Records from a data source
>>>>

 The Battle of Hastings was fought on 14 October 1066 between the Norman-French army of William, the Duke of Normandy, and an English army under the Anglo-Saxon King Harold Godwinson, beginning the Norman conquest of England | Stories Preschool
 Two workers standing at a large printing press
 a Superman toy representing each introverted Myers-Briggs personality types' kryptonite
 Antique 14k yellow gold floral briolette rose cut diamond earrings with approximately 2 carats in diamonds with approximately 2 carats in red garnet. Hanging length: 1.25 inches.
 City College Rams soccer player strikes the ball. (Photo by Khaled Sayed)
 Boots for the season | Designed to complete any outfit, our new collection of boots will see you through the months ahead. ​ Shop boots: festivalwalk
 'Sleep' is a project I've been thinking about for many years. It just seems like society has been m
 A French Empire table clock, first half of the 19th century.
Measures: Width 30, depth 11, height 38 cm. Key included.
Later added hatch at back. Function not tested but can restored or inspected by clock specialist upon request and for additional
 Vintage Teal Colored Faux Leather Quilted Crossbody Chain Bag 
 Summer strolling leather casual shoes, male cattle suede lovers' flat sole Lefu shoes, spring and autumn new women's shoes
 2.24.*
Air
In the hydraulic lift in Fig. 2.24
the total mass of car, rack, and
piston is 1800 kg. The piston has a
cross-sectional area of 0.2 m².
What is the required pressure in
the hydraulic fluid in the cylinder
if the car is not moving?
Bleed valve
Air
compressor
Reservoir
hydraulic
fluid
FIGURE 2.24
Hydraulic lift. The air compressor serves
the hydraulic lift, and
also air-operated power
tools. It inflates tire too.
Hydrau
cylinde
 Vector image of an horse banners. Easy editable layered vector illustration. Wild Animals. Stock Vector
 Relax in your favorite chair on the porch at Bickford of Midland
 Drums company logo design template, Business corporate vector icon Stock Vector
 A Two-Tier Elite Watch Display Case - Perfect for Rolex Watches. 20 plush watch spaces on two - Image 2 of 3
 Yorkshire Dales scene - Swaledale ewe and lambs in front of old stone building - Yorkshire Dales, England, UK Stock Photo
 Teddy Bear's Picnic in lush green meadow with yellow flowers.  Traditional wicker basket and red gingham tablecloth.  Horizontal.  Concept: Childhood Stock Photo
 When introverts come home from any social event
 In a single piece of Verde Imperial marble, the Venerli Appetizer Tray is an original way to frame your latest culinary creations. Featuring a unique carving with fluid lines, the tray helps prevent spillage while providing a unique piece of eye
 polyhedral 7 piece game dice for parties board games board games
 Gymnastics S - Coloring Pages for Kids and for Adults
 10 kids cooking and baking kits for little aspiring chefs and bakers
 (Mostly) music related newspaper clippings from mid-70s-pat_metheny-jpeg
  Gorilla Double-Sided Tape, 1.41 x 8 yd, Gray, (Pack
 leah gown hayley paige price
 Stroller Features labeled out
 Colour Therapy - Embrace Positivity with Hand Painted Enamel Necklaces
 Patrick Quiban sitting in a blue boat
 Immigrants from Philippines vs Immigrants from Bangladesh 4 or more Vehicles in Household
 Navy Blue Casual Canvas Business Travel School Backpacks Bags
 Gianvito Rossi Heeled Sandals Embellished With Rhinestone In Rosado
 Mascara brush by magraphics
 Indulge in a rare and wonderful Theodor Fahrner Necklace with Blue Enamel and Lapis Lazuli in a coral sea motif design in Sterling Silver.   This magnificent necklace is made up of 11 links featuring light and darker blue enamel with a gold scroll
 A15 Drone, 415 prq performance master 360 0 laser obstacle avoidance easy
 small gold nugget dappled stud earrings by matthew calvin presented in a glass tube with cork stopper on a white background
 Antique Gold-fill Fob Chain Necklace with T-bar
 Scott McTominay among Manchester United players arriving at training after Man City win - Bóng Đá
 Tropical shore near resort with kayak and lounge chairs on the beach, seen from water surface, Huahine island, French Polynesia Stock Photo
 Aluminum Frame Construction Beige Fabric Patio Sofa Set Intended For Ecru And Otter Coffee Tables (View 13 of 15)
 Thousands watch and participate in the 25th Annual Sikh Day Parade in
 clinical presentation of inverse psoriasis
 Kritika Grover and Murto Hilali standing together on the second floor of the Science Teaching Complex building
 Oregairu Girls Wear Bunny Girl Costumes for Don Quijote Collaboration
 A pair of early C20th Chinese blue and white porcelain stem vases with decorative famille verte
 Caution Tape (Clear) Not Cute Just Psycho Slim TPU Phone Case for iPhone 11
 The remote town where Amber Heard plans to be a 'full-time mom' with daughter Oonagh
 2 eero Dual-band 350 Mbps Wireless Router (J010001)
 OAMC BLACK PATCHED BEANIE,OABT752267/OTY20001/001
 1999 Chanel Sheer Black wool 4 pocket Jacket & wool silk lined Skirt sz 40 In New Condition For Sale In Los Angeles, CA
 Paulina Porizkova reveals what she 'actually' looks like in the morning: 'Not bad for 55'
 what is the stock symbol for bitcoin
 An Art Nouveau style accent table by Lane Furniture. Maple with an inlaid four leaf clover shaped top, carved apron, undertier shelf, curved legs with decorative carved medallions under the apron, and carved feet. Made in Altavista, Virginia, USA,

<<<<

### TASK BRIEF
Line by line, retype the records with no changes.

### RESPONSE TO THE EXERCISE
 The Battle of Hastings was fought on 14 October 1066 between the Norman-French army of William, the Duke of Normandy, and an English army under the Anglo-Saxon King Harold Godwinson, beginning the Norman conquest of England | Stories Preschool
 Two workers standing at a large printing press
 a Superman toy representing each introverted Myers-Briggs personality types' kryptonite
 Antique 14k yellow gold floral briolette rose cut diamond earrings with approximately 2 carats in diamonds with approximately 2 carats in red garnet. Hanging length: 1.25 inches.
 City College Rams soccer player strikes the ball. (Photo by Khaled Sayed)
 Boots for the season | Designed to complete any outfit, our new collection of boots will see you through the months ahead. ​ Shop boots: festivalwalk
 'Sleep' is a project I've been thinking about for many years. It just seems like society has been m
 A French Empire table clock, first half of the 19th century.
Measures: Width 30, depth 11, height 38 cm. Key included.
Later added hatch at back. Function not tested but can restored or inspected by clock specialist upon request and for additional
 Vintage Teal Colored Faux Leather Quilted Crossbody Chain Bag 
 Summer strolling leather casual shoes, male cattle suede lovers' flat sole Lefu shoes, spring and autumn new women's shoes
 2.24.*
Air
In the hydraulic lift in Fig. 2.24
the total mass of car, rack, and
piston is 1800 kg. The piston has a
cross-sectional area of 0.2 m².
What is the required pressure in
the hydraulic fluid in the cylinder
if the car is not moving?
Bleed valve
Air
compressor
Reservoir
hydraulic
fluid
FIGURE 2.24
Hydraulic lift. The air compressor serves
the hydraulic lift, and
also air-operated power
tools. It inflates tire too.
Hydrau
cylinde
 Vector image of an horse banners. Easy editable layered vector illustration. Wild Animals. Stock Vector
 Relax in your favorite chair on the porch at Bickford of Midland
 Drums company logo design template, Business corporate vector icon Stock Vector
 A Two-Tier Elite Watch Display Case - Perfect for Rolex Watches. 20 plush watch spaces on two - Image 2 of 3
 Yorkshire Dales scene - Swaledale ewe and lambs in front of old stone building - Yorkshire Dales, England, UK Stock Photo
 Teddy Bear's Picnic in lush green meadow with yellow flowers.  Traditional wicker basket and red gingham tablecloth.  Horizontal.  Concept: Childhood Stock Photo
 When introverts come home from any social event
 In a single piece of Verde Imperial marble, the Venerli Appetizer Tray is an original way to frame your latest culinary creations. Featuring a unique carving with fluid lines, the tray helps prevent spillage while providing a unique piece of eye
 polyhedral 7 piece game dice for parties board games board games
 Gymnastics S - Coloring Pages for Kids and for Adults
 10 kids cooking and baking kits for little aspiring chefs and bakers
 (Mostly) music related newspaper clippings from mid-70s-pat_metheny-jpeg
  Gorilla Double-Sided Tape, 1.41 x 8 yd, Gray, (Pack
 leah gown hayley paige price
 Stroller Features labeled out
 Colour Therapy - Embrace Positivity with Hand Painted Enamel Necklaces
 Patrick Quiban sitting in a blue boat
 Immigrants from Philippines vs Immigrants from Bangladesh 4 or more Vehicles in Household
 Navy Blue Casual Canvas Business Travel School Backpacks Bags
 Gianvito Rossi Heeled Sandals Embellished With Rhinestone In Rosado
 Mascara brush by magraphics
 Indulge in a rare and wonderful Theodor Fahrner Necklace with Blue Enamel and Lapis Lazuli in a coral sea motif design in Sterling Silver.   This magnificent necklace is made up of 11 links featuring light and darker blue enamel with a gold scroll
 A15 Drone, 415 prq performance master 360 0 laser obstacle avoidance easy
 small gold nugget dappled stud earrings by matthew calvin presented in a glass tube with cork stopper on a white background
 Antique Gold-fill Fob Chain Necklace with T-bar
 Scott McTominay among Manchester United players arriving at training after Man City win - Bóng Đá
 Tropical shore near resort with kayak and lounge chairs on the beach, seen from water surface, Huahine island, French Polynesia Stock Photo
 Aluminum Frame Construction Beige Fabric Patio Sofa Set Intended For Ecru And Otter Coffee Tables (View 13 of 15)
 Thousands watch and participate in the 25th Annual Sikh Day Parade in
 clinical presentation of inverse psoriasis
 Kritika Grover and Murto Hilali standing together on the second floor of the Science Teaching Complex building
 Oregairu Girls Wear Bunny Girl Costumes for Don Quijote Collaboration
 A pair of early C20th Chinese blue and white porcelain stem vases with decorative famille verte
 Caution Tape (Clear) Not Cute Just Psycho Slim TPU Phone Case for iPhone 11
 The remote town where Amber Heard plans to be a 'full-time mom' with daughter Oonagh
 2 eero Dual-band 350 Mbps Wireless Router (J010001)
 OAMC BLACK PATCHED BEANIE,OABT752267/OTY20001/001
 1999 Chanel Sheer Black wool 4 pocket Jacket & wool silk lined Skirt sz 40 In New Condition For Sale In Los Angeles, CA
 Paulina Porizkova reveals what she 'actually' looks like in the morning: 'Not bad for 55'
 what is the stock symbol for bitcoin
 An Art Nouveau style accent table by Lane Furniture. Maple with an inlaid four leaf clover shaped top, carved apron, undertier shelf, curved legs with decorative carved medallions under the apron, and carved feet. Made in Altavista, Virginia, USA,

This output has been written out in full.